→ TASK PROMPT
Here, set down only the lines between the line that contains "Wiring Diagram 48v" and the final line of the material, both included, exactly as written. Skip the pictures.

→ AVAILABLE DATA
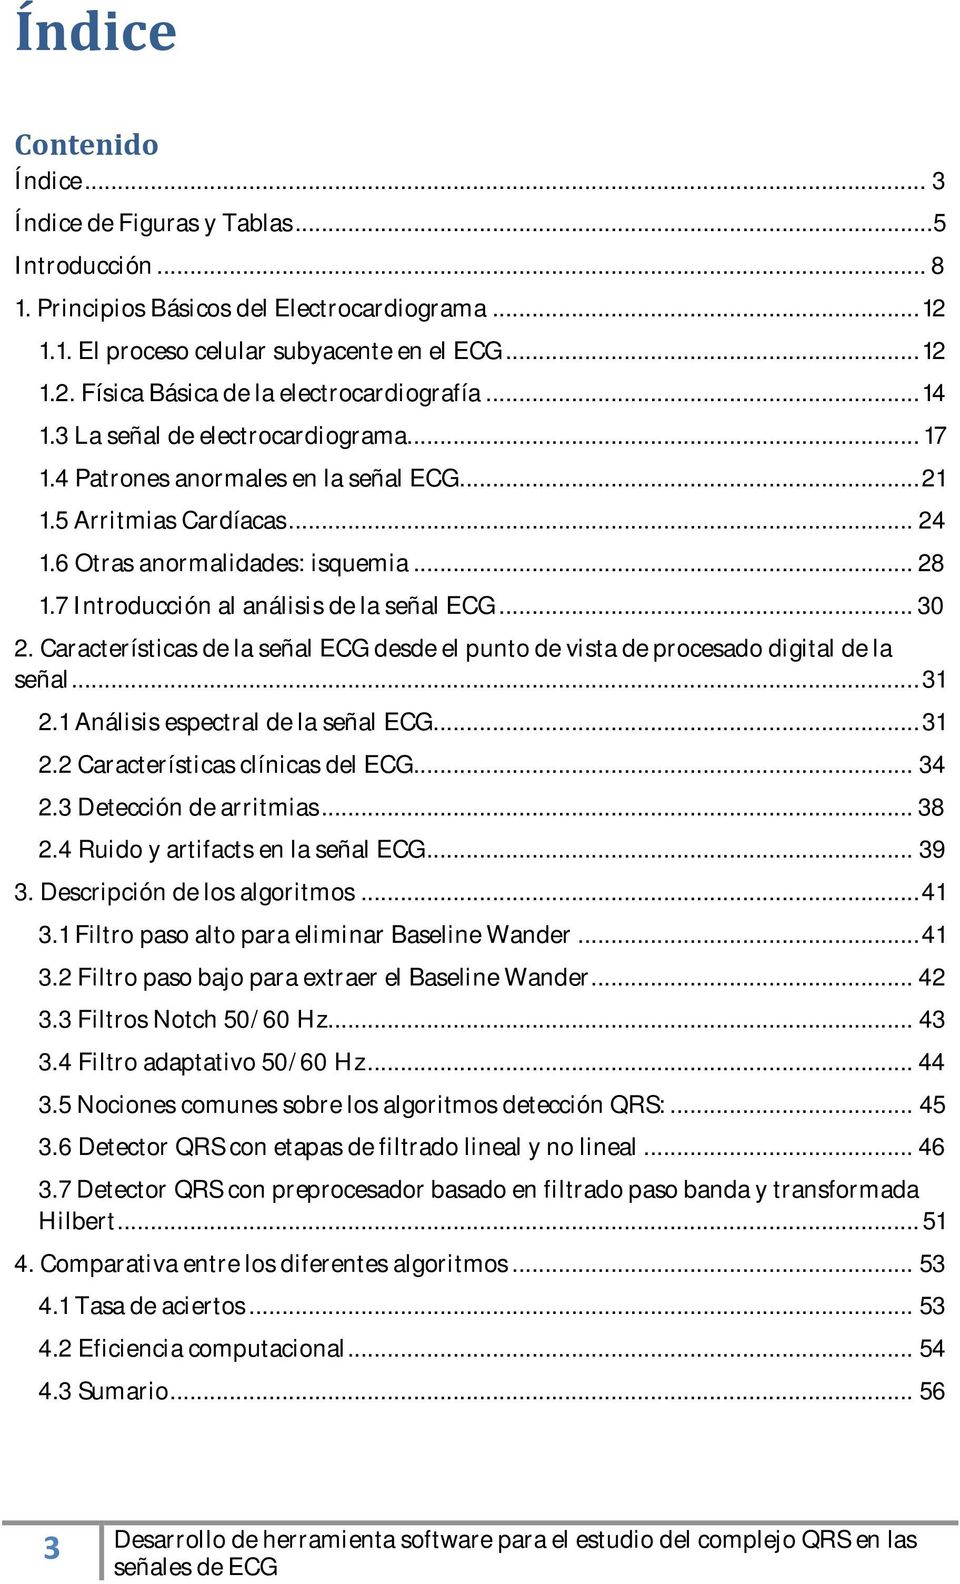 7 Introducción al análisis de la señal ECG... 30 2. Características de la señal ECG desde el punto de vista de procesado digital de la señal... 31 2.1 Análisis espectral de la señal ECG... 31 2.2 Características clínicas del ECG.
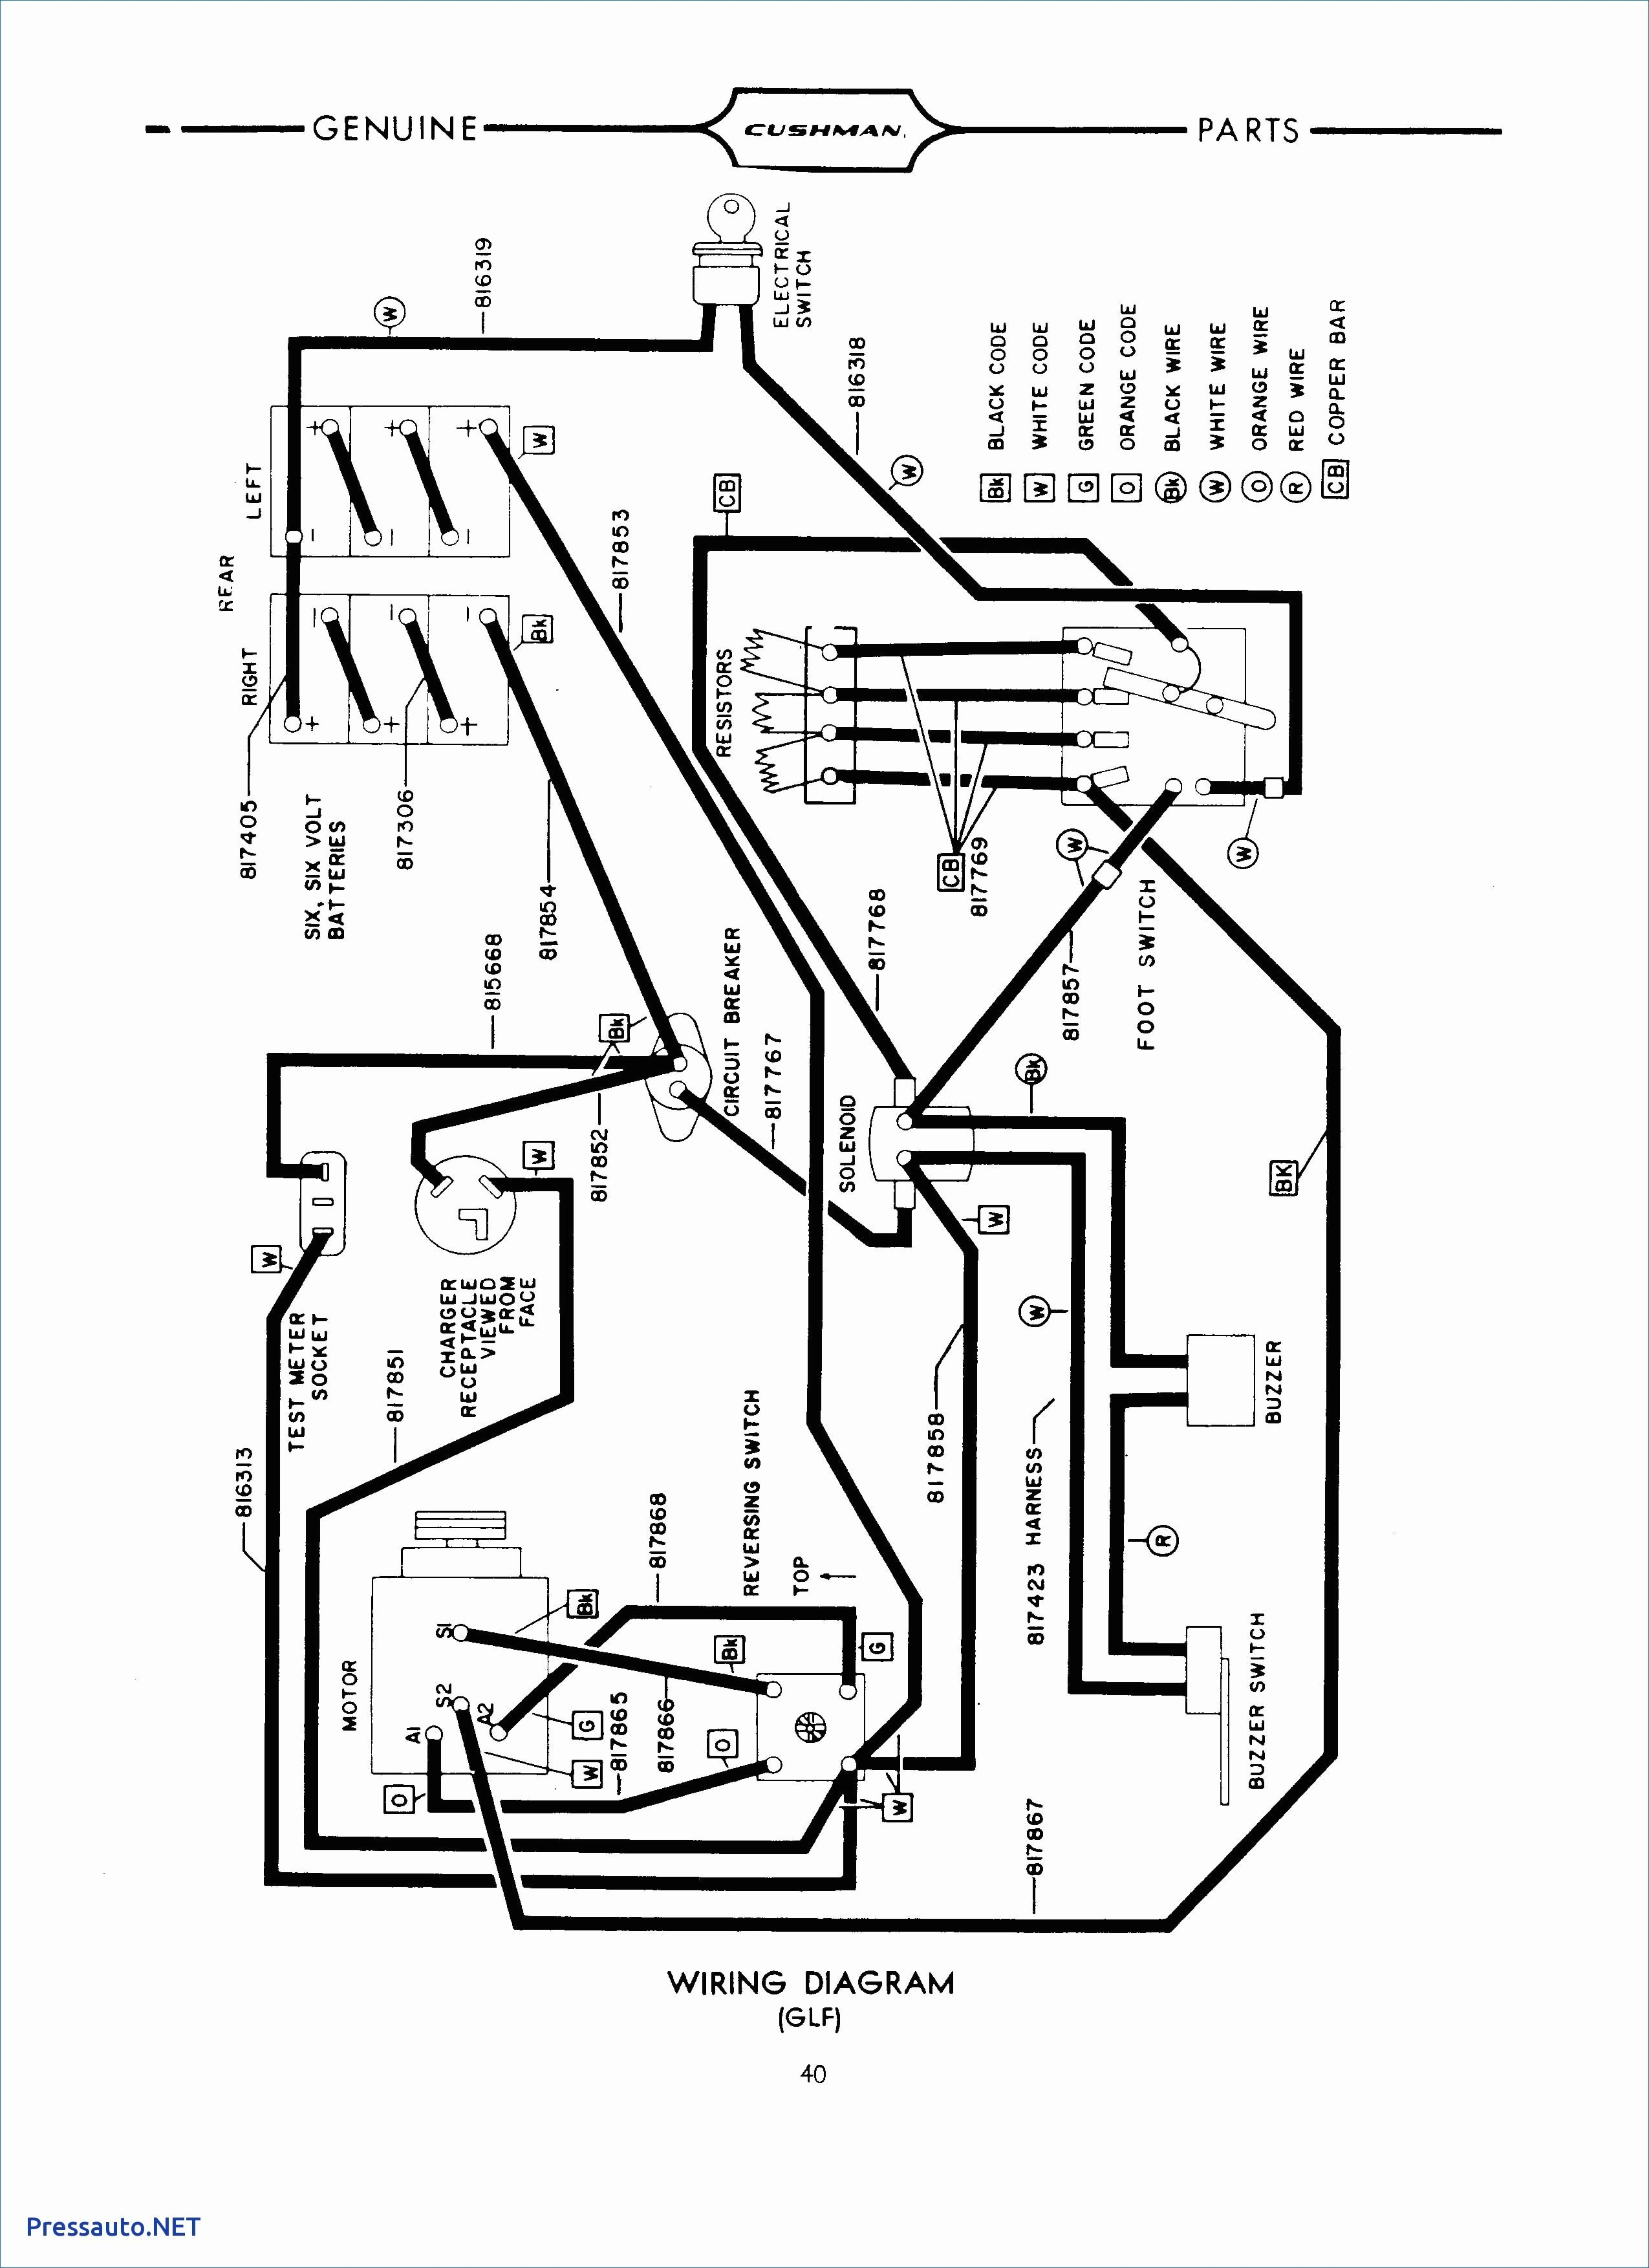 Wiring Diagram 48v Golf Cart New 36 Volt Wiring Diagram Wiring Diagrams Schematics
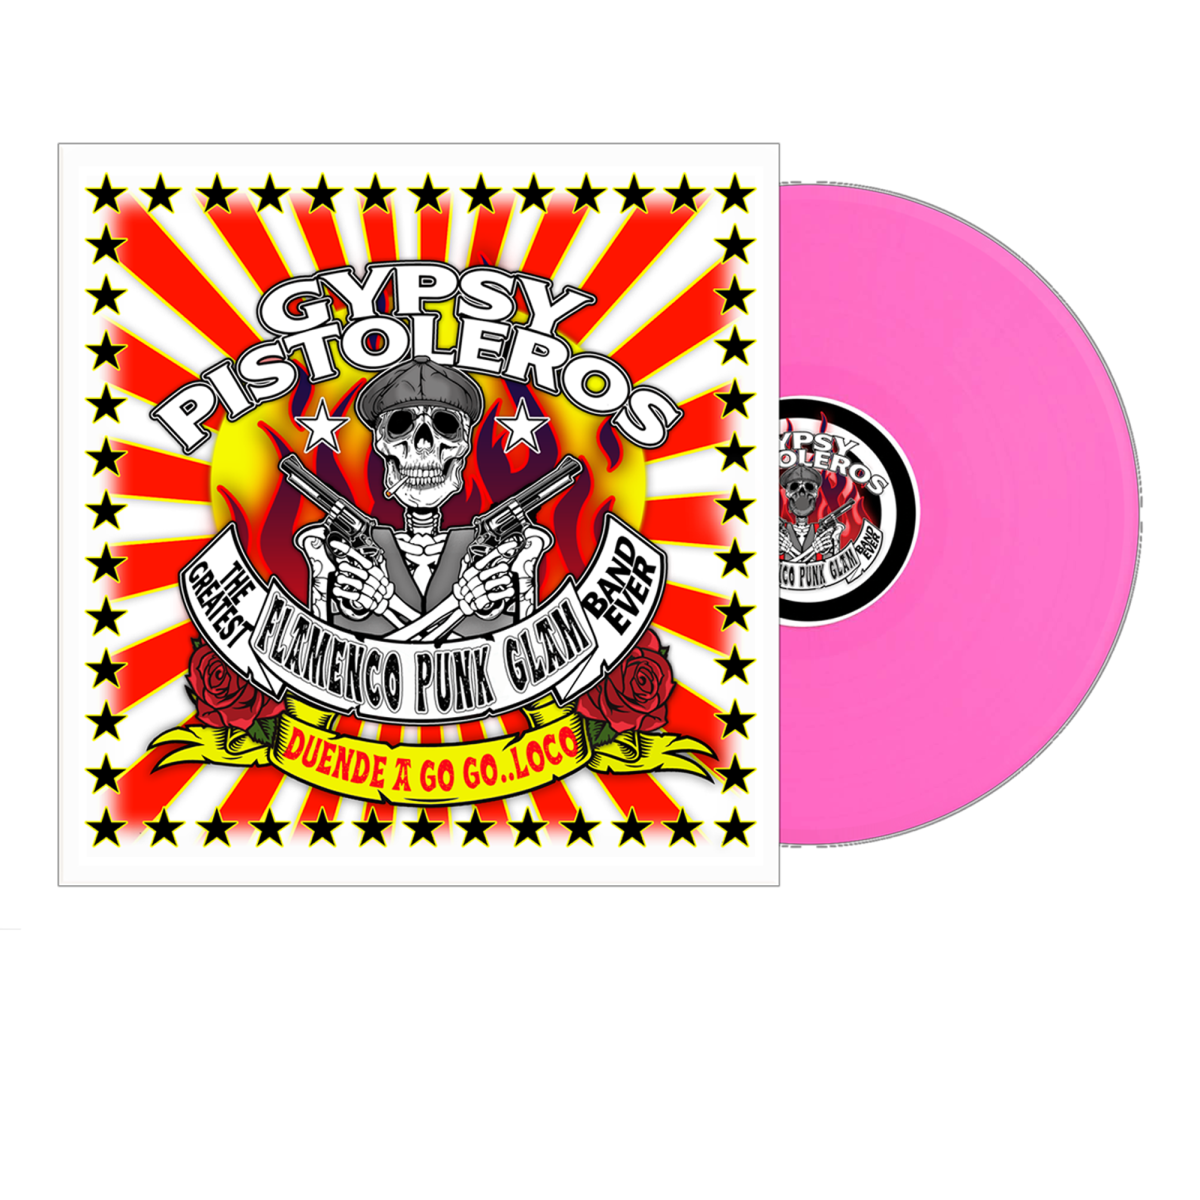 Gypsy Pistoleros "Duende a Go Go Loco" Pink Vinyl

→ TASK RESULT
 Wiring Diagram 48v Golf Cart New 36 Volt Wiring Diagram Wiring Diagrams Schematics
 Gypsy Pistoleros "Duende a Go Go Loco" Pink Vinyl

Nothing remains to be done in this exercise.